Dropping author names, similar to Amor Towles.  Ivan Ilych (Tolstoy) as a deep discussion of dying.

Some discussion of religion - the idea of original sin - which I think he described well - forget the theological strangeness, it speaks to something observed in human nature from the beginning.

Having a child in this kind of situation.

You can't read this without the main message being - don't screw up the days you have on trivia.  Not a new idea, but this is a good vessel to express it.

Tuesday, November 02, 2021

The Old Curiosity Shop (Charles Dickens, 1841)

(555 pages)

I was much interested in this particular Dickens work - partly because of the descriptions in his biography of readers in America - as installations of the serialized book reached American shores, supposedly crowds on the waterfront were shouting "What happened to Little Nell?"
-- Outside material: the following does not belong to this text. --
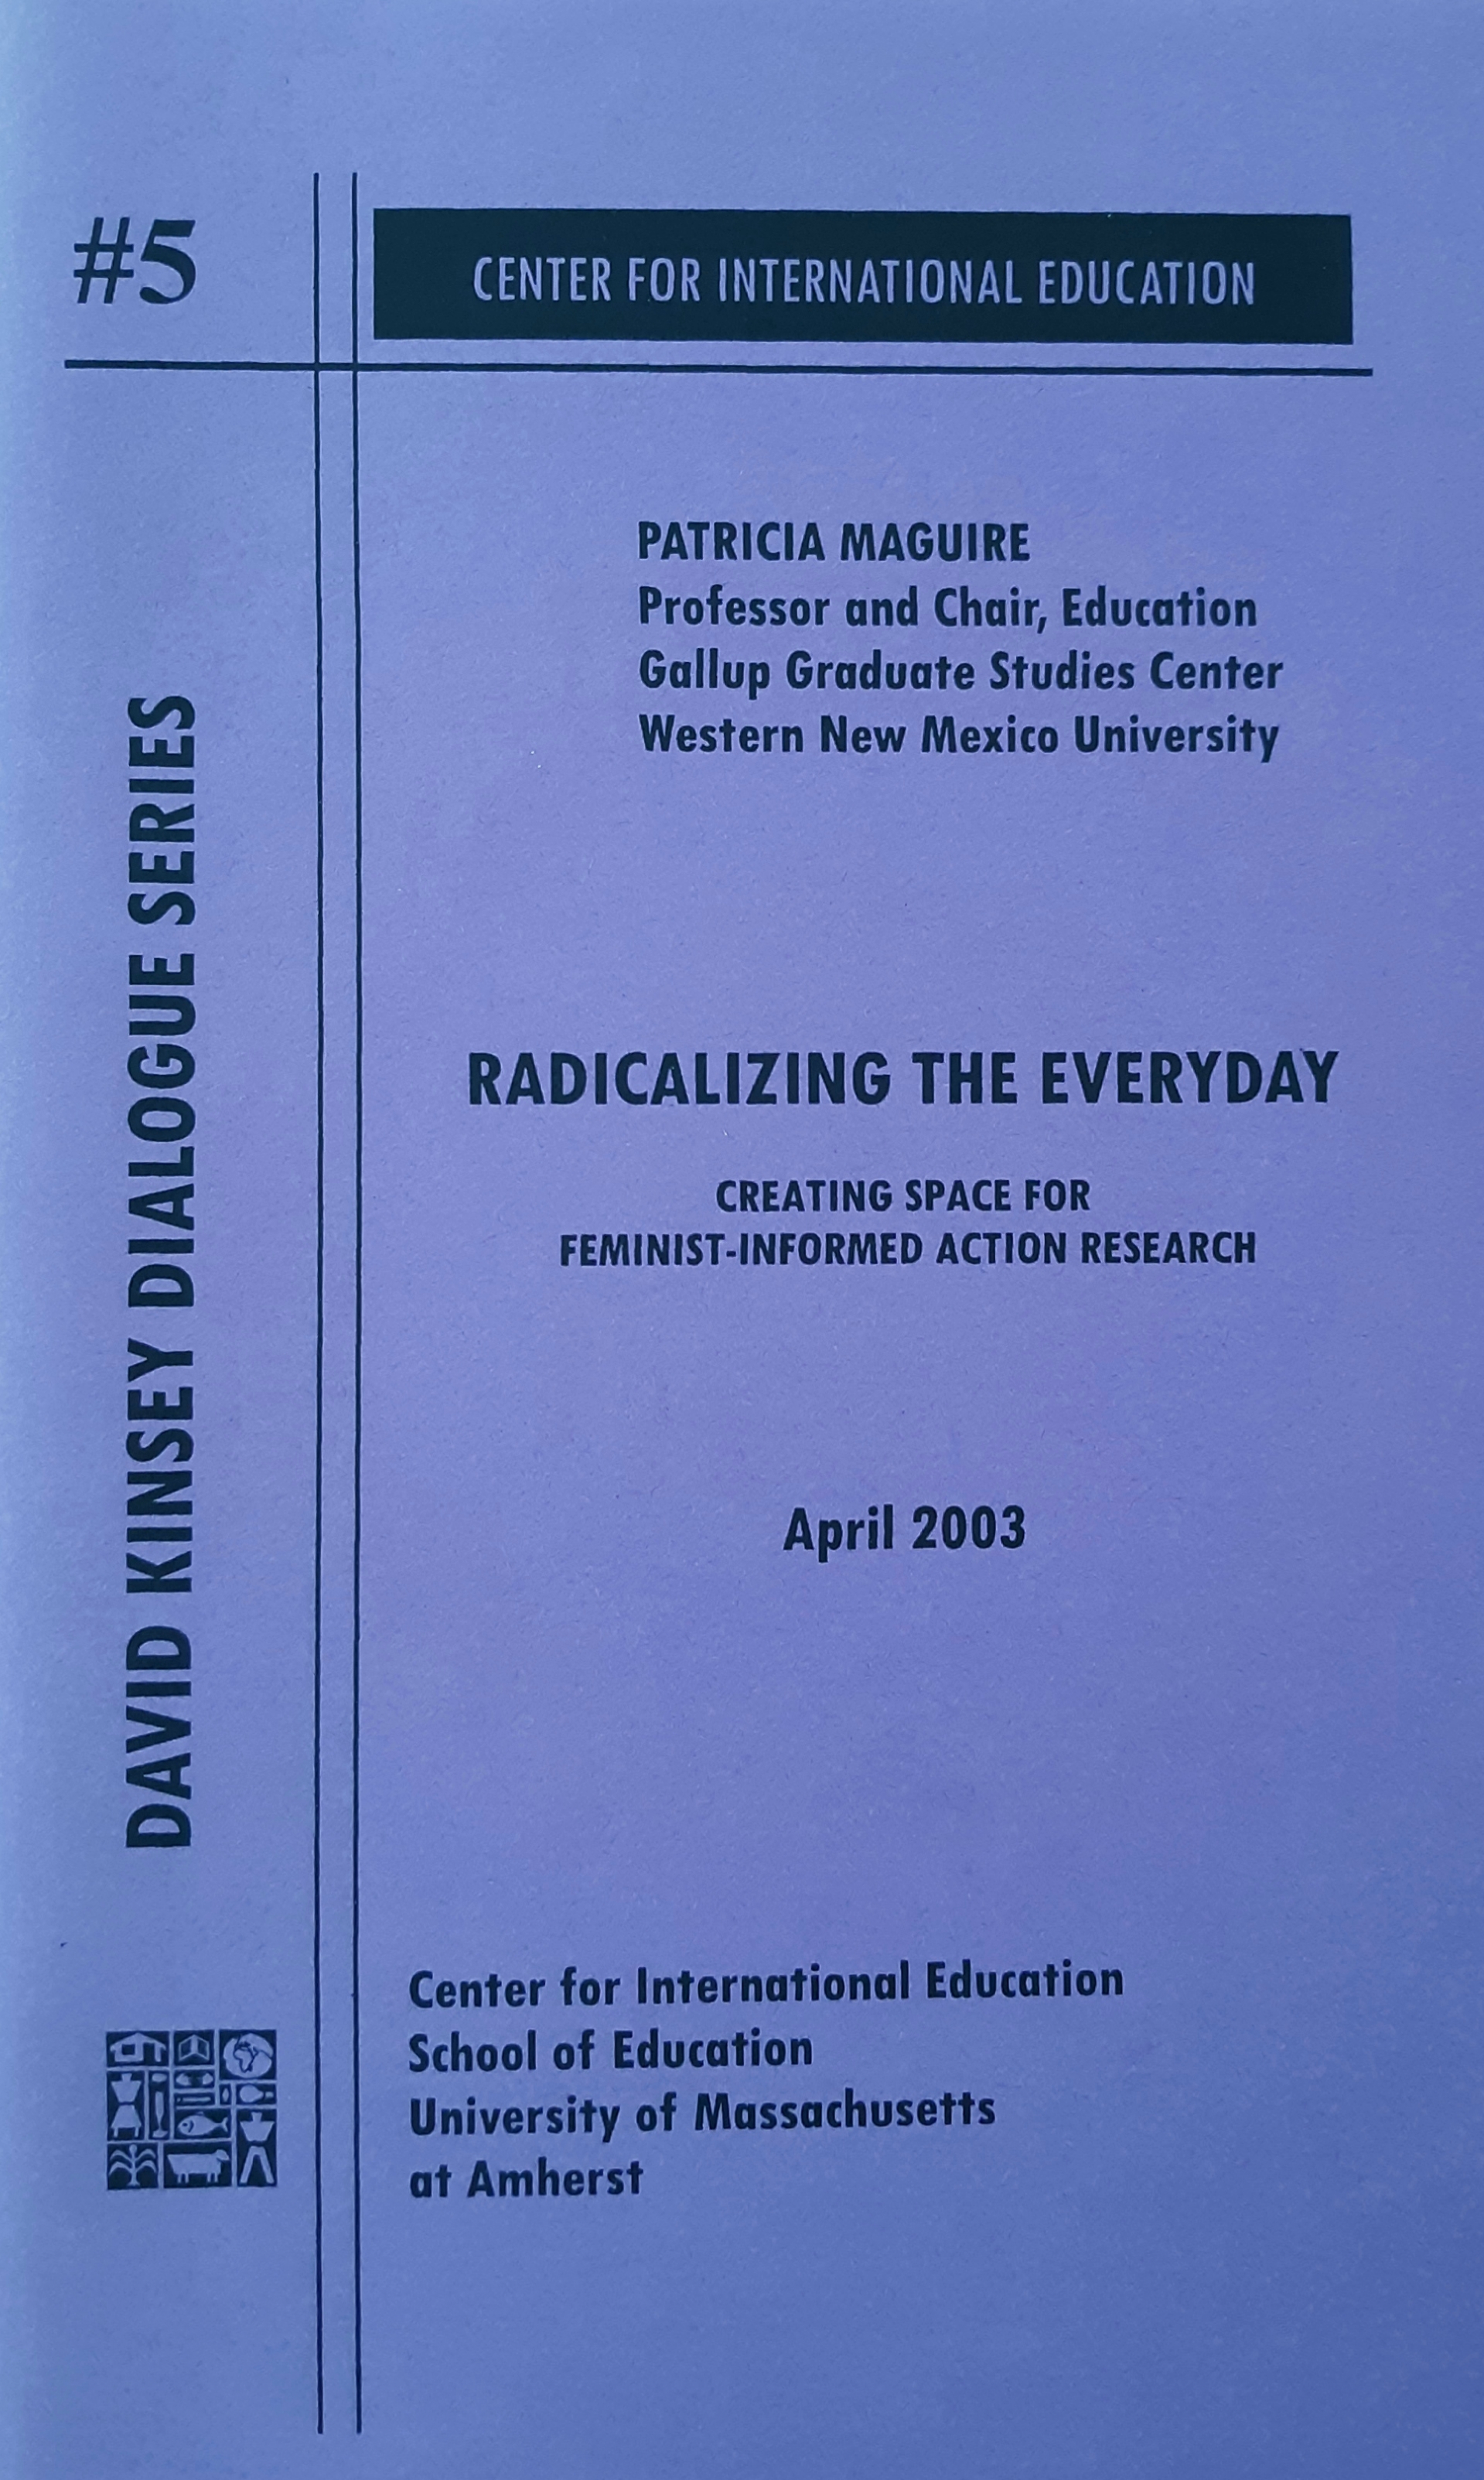 Radicalizing the everyday: feminisms and participatory action research

But in the story arc, I found Little Nell a bit flat.  And her grandfather a bit annoying.

Swiveller - an unexpected role!  The schoolmaster plays a key role.  The "small servant" at the law firm, also.  Kit (and his mother), Barbara (and her mother).

The dwarf (Quilp) - drove a lot of action; mostly comic character.  Nell's unkind brother.  The two lawyers aren't very nice.

I read this immediately after the Joseph Conrad novel described below.  OK the two authors are going for different things.  But the difference in character-drawing is so striking.  Dickens characters often one-dimensional, but he's effective at driving a plot using this.  Conrad characters so much more balanced, complicated.  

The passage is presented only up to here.